I ran into Tom and Michelle of, also hailing from the D.C. area, and eventually wound up at the head of the IGN/Variety magazine party line trying to talk my way in sans the all-important red wrist band required for entry. With my application to sit at the cool kids' lunch table still pending, I completely expected to be turned away. Through what might be considered an odd minor miracle, they strapped one to my wrist and let me into Cicada, an eternally hip night spot that has long since mastered both looking like it was taken straight out of a John Woo movie or rap video of your choice and keeps enough people on the street waiting to get in that it can always generate enough interest to keep the place filled.

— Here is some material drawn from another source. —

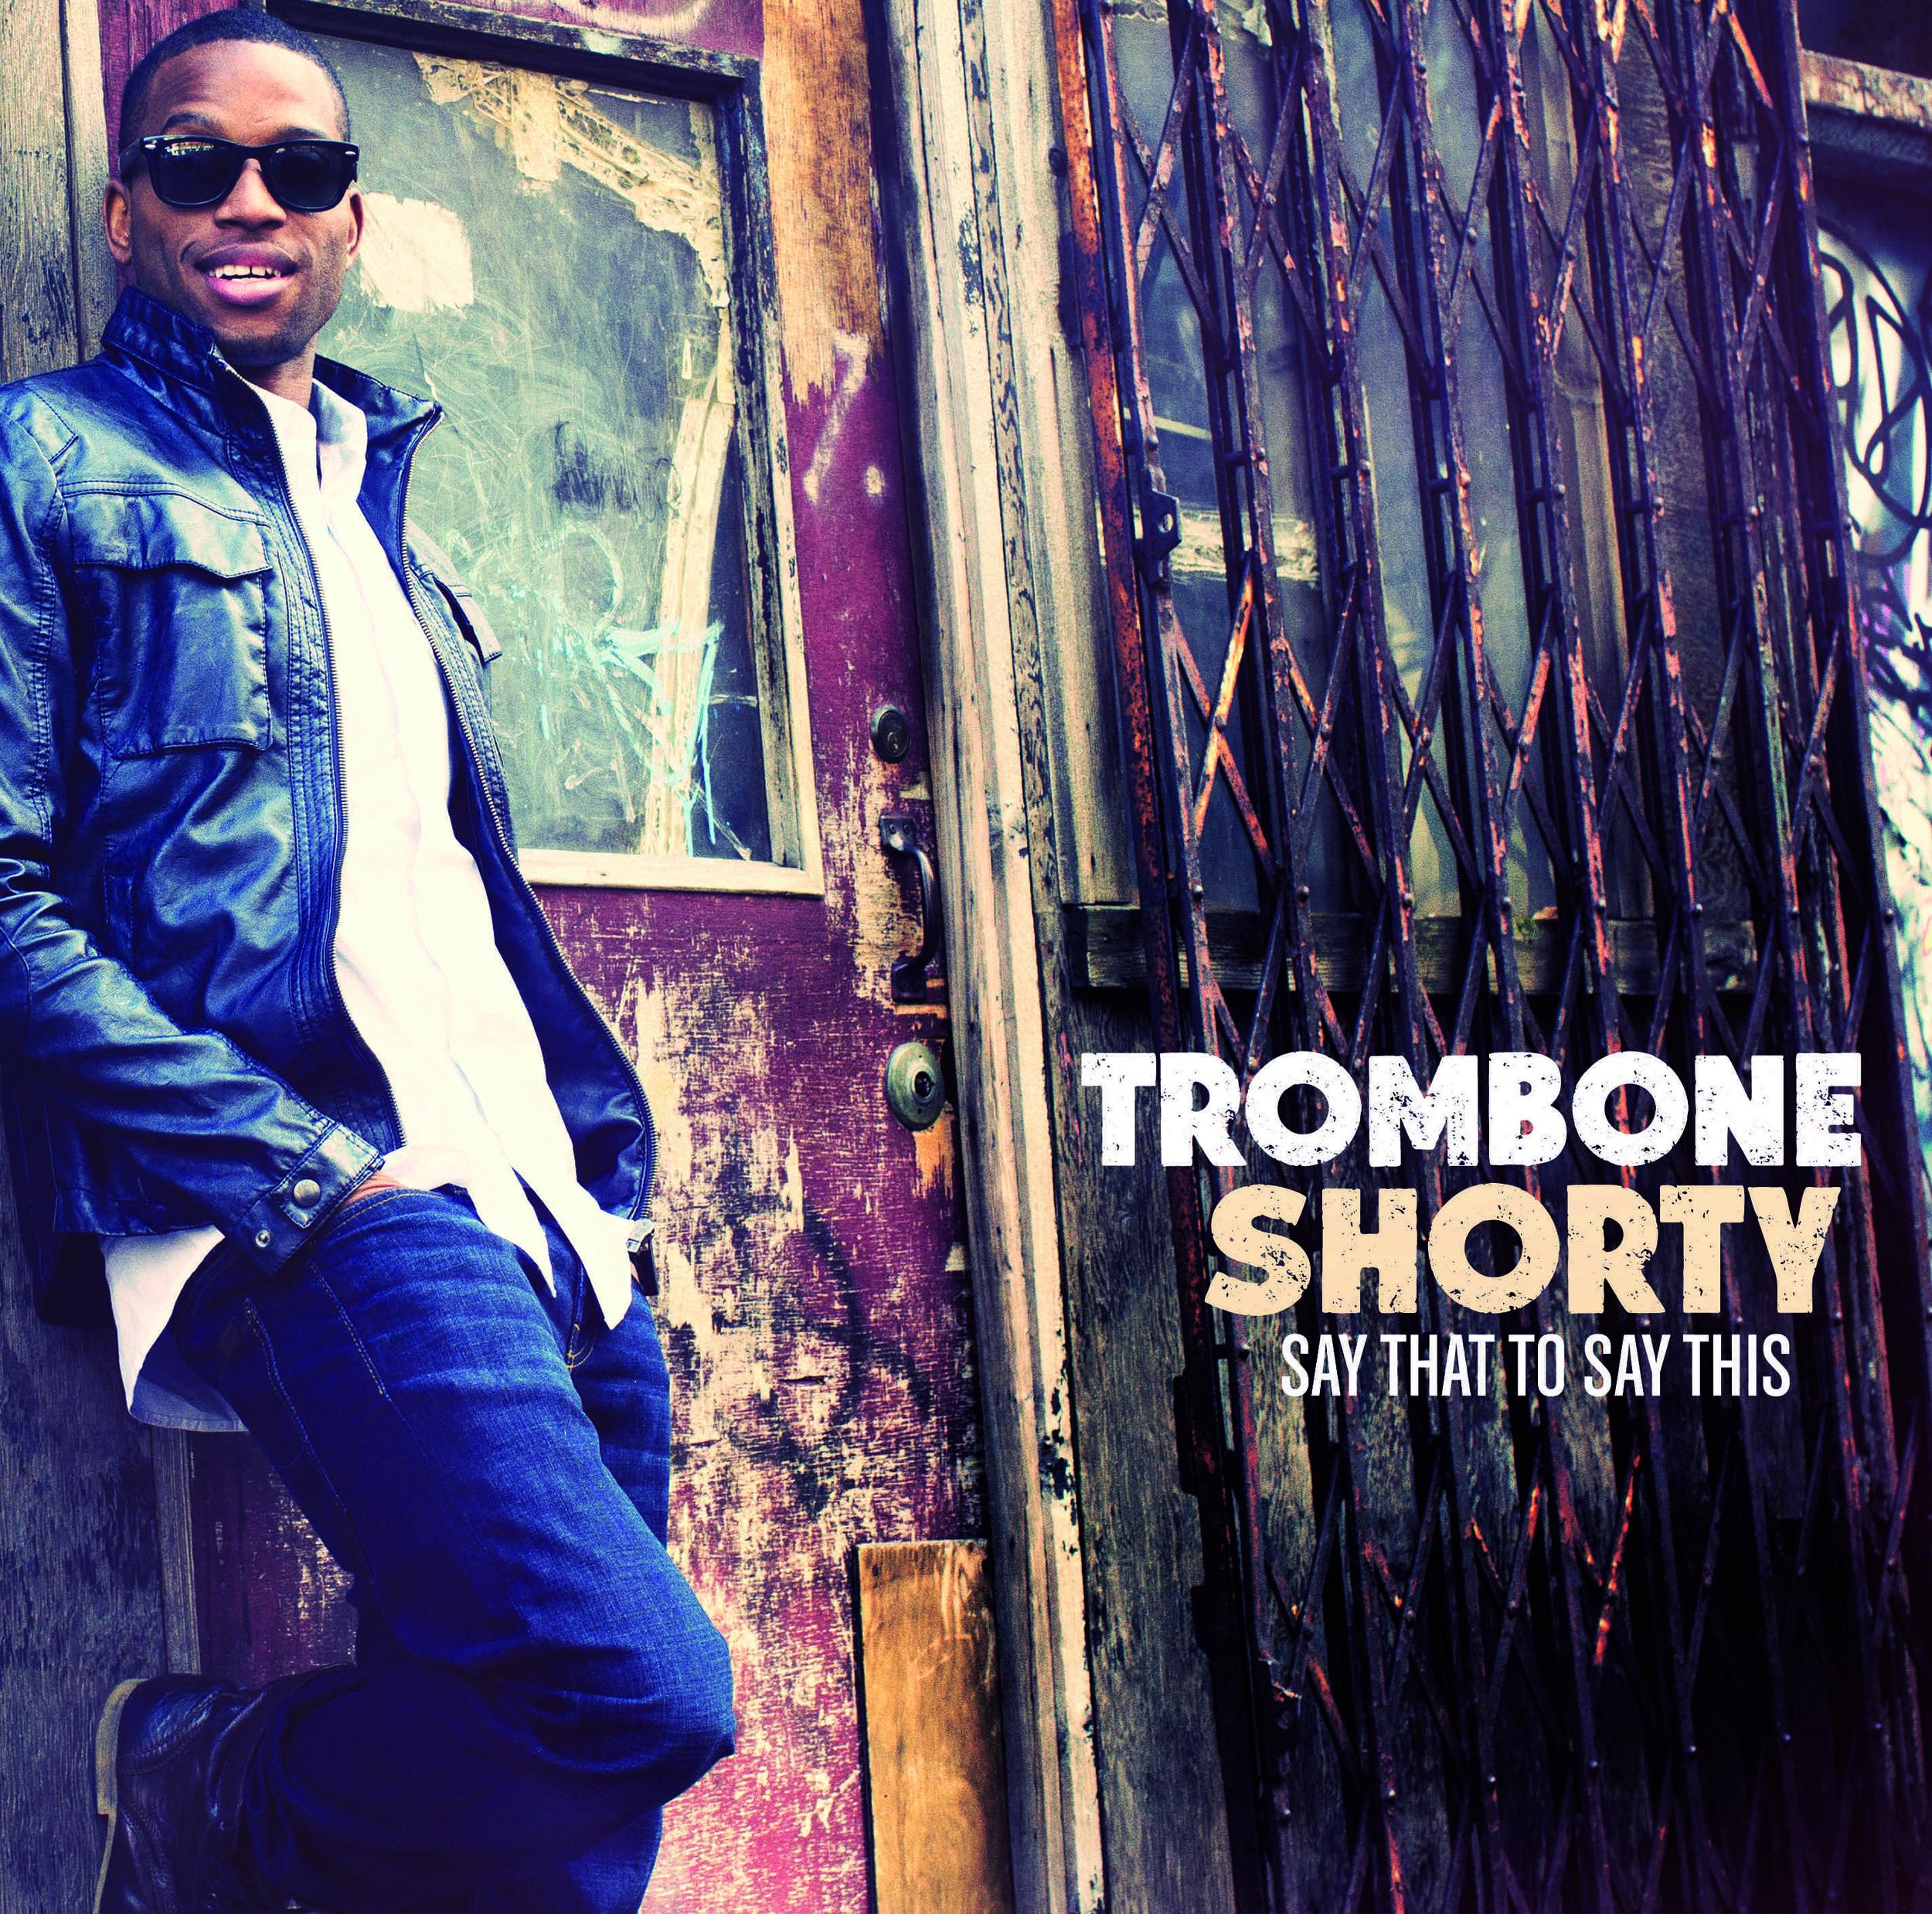 trombone shorty.jpg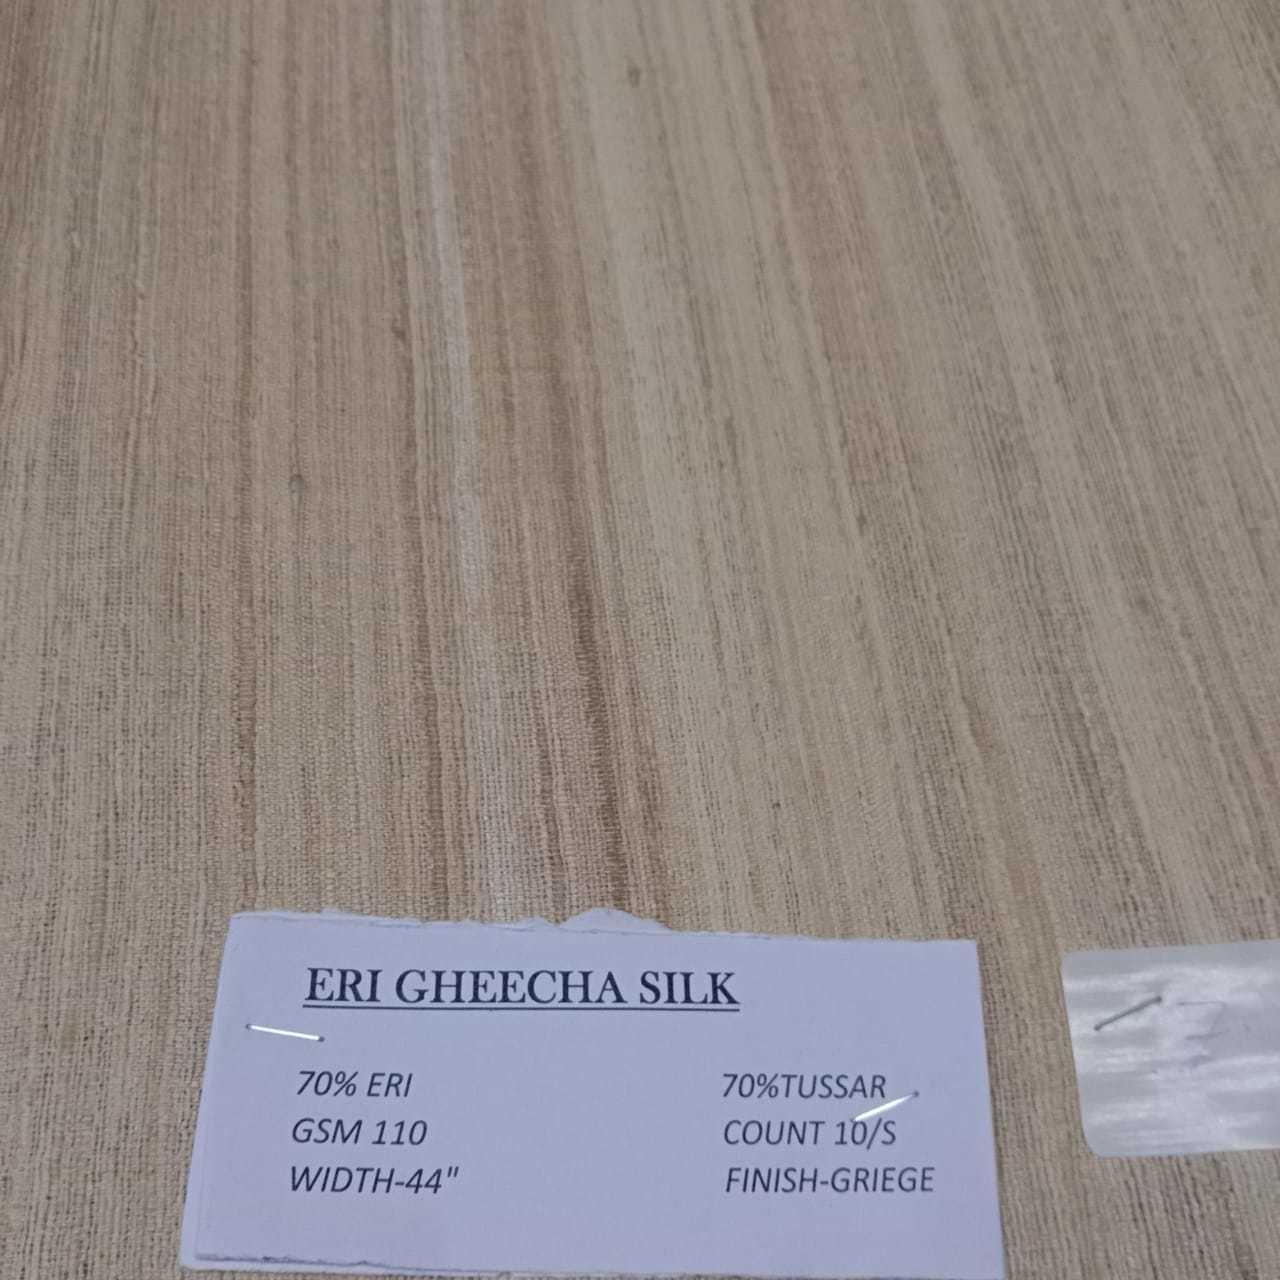 Eri Gheecha Silk Fabric

Dark lighting, flashing red LED-filled plastic ice cubes, semi-Victorian decor and a glass chandelier greet the eye as you first walk in. Most of the attention seemed centered around hired models and walk-in celebrities that had been hired to help promote the event. I'll never know if the blond girl -- surrounded by an assortment of friends that seemed to represent all the positive things a Punnett table is capable of -- was Paris Hilton or just an incredibly close replica and didn't want to ask. Still, a part of me craved a standardized test to place in front of her; whether or not her skull exploded would best determine her identity.

Around 11:00, a five-person band took the stage, a short Asian singer and her all-male accompaniment of three guitarists and a drummer tearing through a list of power chord-driven pop and club songs. The lead singer decked out her small frame in steel toe Doc Martens, Japanese loose socks, a black and white polka dot skirt, torn sweater that seemed to have been transported in from the 80's, dozens of bracelets and a lip piercing that thrust out almost defiantly at the audience. Battling her drummer, who seemed determined to either drown her out entirely or make her sound like Minnie Mouse on the first day of her career as a drill sergeant, she finally tore through with "99 Red Balloons" and added all the energy necessary to make the party roar.

Favorite pieces of E3 swag (free stuff) so far:

A vibrating foam grenade from the girls handing out Company of Heroes merchandise. Because everybody needs a vibrating foam grenade.

Gamespy t-shirt. Good quality, nice mix of colors and a cool door item at the IGN party last night.

Blinking red plastic ice cubes. How can you possibly argue against this?